These data are then passed to the plot_ly function after calculating the individual proportion of each race and film. To plot these bars, the add_bars() function is used to create the bars and finally, using the layout() function, the argument barmode = "stack" is used to create the final figure show. I encourage you to explore intermediate steps to understand what the output looks like in each step along the way.

## number of diamonds by cut and clarity (n)
lotr_count <- count(lotr, Race, Film)
## number of diamonds by cut (nn)
lotr_prop <- left_join(lotr_count, count(lotr_count, Race, wt = n), 
                       by = 'Race')

lotr_prop %>%
  mutate(prop = n.x / n.y) %>%
  plot_ly(x = ~Race, y = ~prop, color = ~Film, width = 900) %>%
  add_bars() %>%
  layout(barmode = "stack")

Your Turn

  1. Using the gss_cat data, create a histrogram for the tvhours variable.
  2. Using the gss_cat data, create a bar chart showing the partyid variable by the marital status.

Scatterplots by Hand

Scatterplots are similar to the bar charts, the main difference is that variables are passed to both the x and y axes and the add_markers() function is used to create the scatterplot. Markers are plotly’s equivalent to points from ggplot2.

plot_ly(midwest, x = ~popdensity, y = ~percollege) %>%
  add_markers()

Change symbols

Changing symbols (i.e. shape of points in ggplot2 language) can be done by passing a character variable to the symbol argument/aesthetic within the add_markers() function. The symbol argument/aesthetic should also be able to be specified in the plot_ly() function globally instead of in the add_markers() function.

plot_ly(midwest, x = ~popdensity, y = ~percollege) %>%
  add_markers(symbol = ~state)

Change colors

Changing of colors can be done similarly to the markers/points shown above. In particular, the color argument/aesthetic can be specified with a variable name. The default color values for a discrete/categorical variable is Set2 from the RColorBrewer package; http://colorbrewer2.org/#type=qualitative&scheme=Set2&n=3.
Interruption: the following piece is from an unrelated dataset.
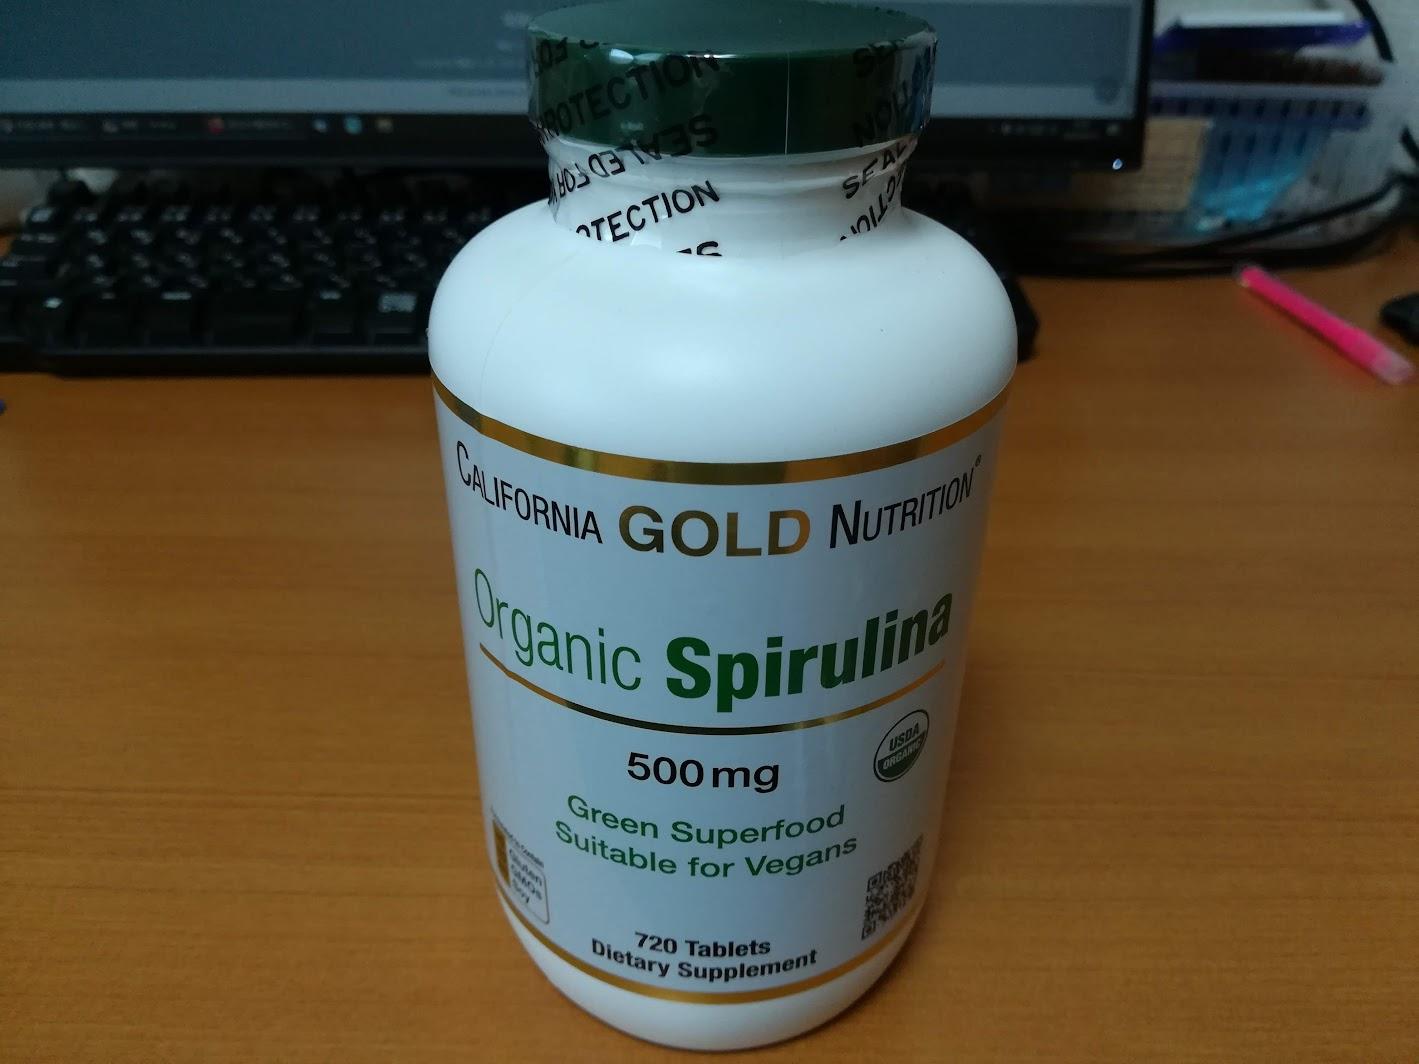 California Gold Nutrition オーガニックのスピルリナ

plot_ly(midwest, x = ~popdensity, y = ~percollege) %>%
  add_markers(color = ~state, color = ~state)

Line Graph

Line graphs have the same specification as the scatterplots in that the x and y axes have to be specified and the add_lines() function is used. In the example below, I first summarise the number of tropical storms that occurred each year from 1975 to 2015, then plot these values with a line plot. Not shown in the examples, but if there are multiple trajectories that you wish to plot, you can distinguish these with color or linetype aesthetics similar to the changing of markers or colors shown with scatterplots.
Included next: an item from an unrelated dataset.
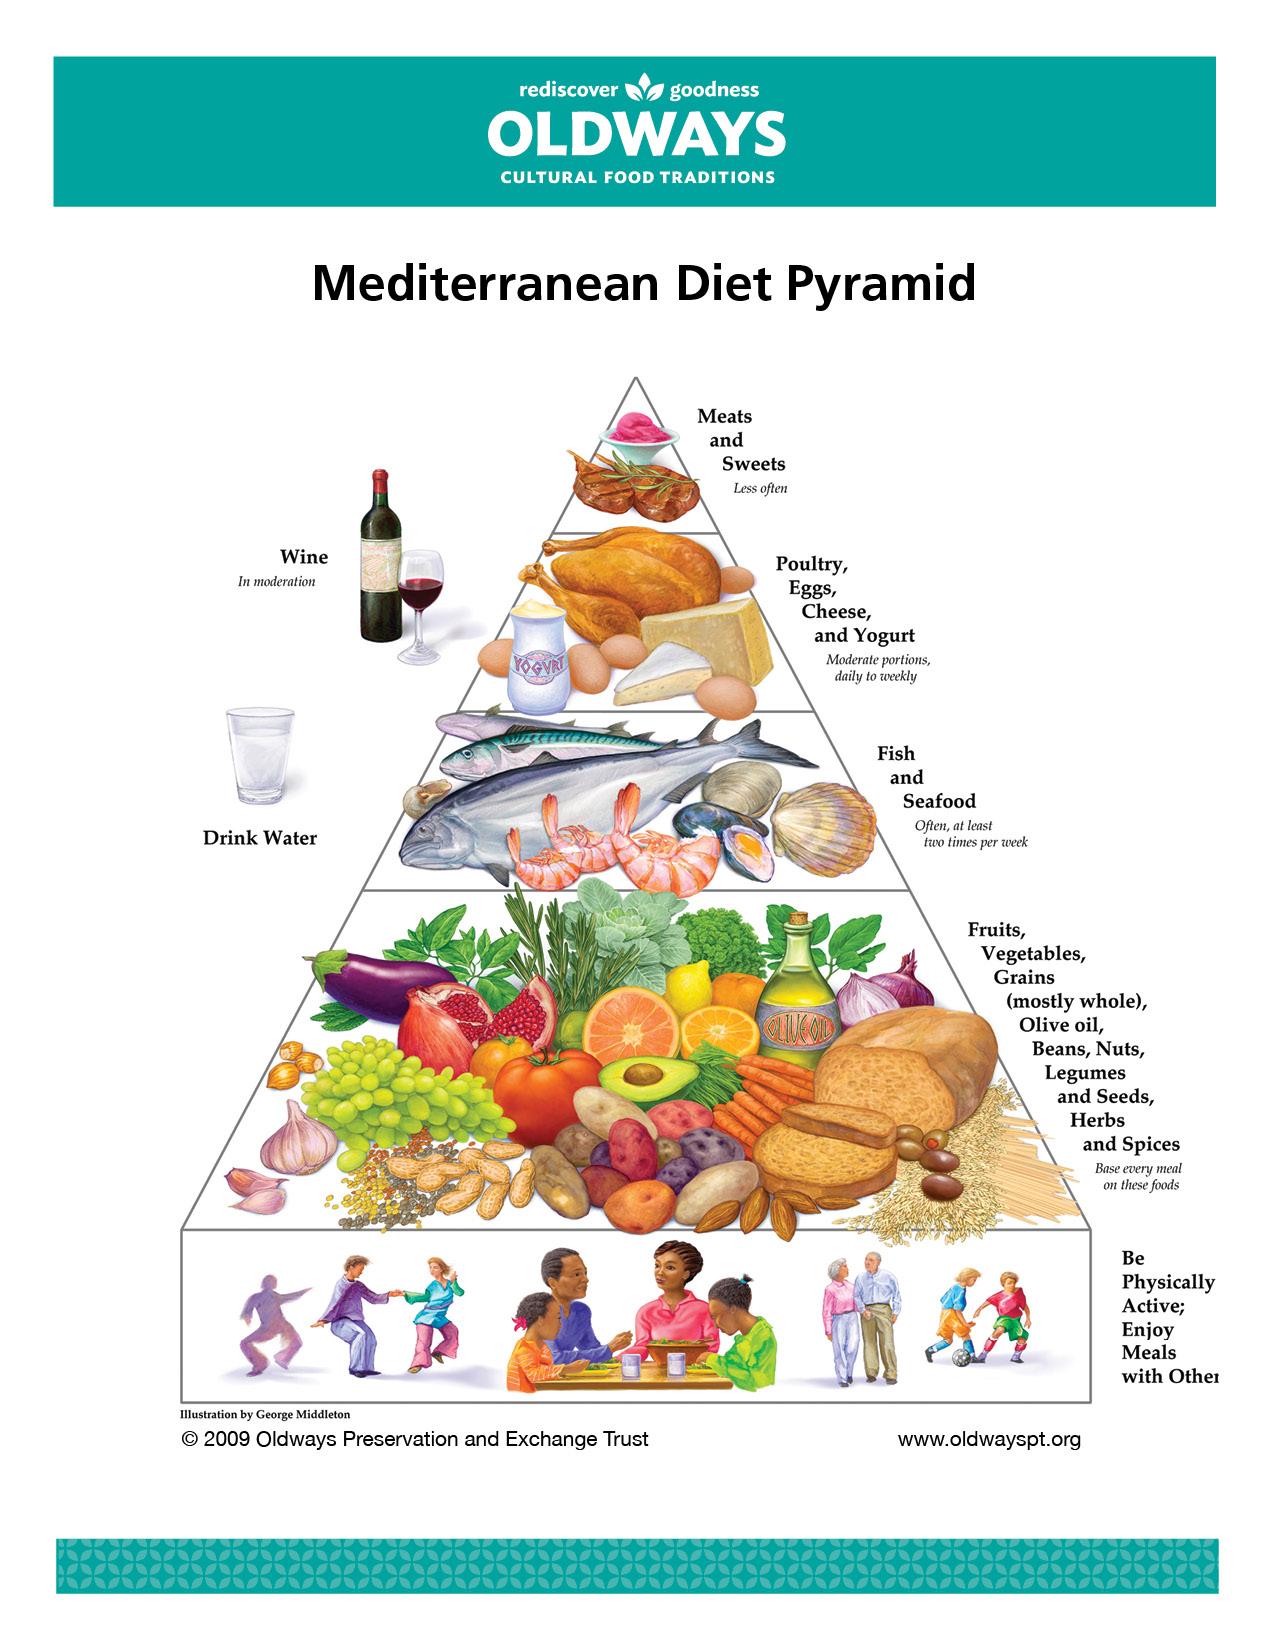 Mediterraneant

storms_yearly <- storms %>%
  group_by(year) %>%
  summarise(num = length(unique(name)))

plot_ly(storms_yearly, x = ~year, y = ~num) %>%
  add_lines()

Your Turn

  1. Using the gss_cat data, create a scatterplot showing the age and tvhours variables.
  2. Compute the average time spent watching tv by year and marital status. Then, plot the average time spent watching tv by year and marital status.

Subplots

There are a few different ways to create subplots or facetted plots using ggplot2 terminology. In all of these elements, the subplot() function from plotly will be used. Three ways will be shown to create subplots, one that manually creates each unique plotly figure and combine with subplot(), a second will create a function that can be passed to a list, and the final will use facetting within ggplot2 and pass to the subplot() function.

Manually create multiple plotly figures

The first way to create multiple figures side by side is to manually create multiple plotly figures, save these as objects, then use the subplot() function to combine them into a single figure. Below, I’m going to use the tropical storm data from the line plot example, and instead of calculating the number of storms each year, I’m going to calculate the maximum wind speed and minimum pressure for each year and plot these values.

One thing to note about this figure, the two axes are different which may not be best practice in combining figures as this can complicate interpretation. I also specified the name argument to the add_lines() function for each figure created. This allowed for the creation of the legend that differentiates the two different figures.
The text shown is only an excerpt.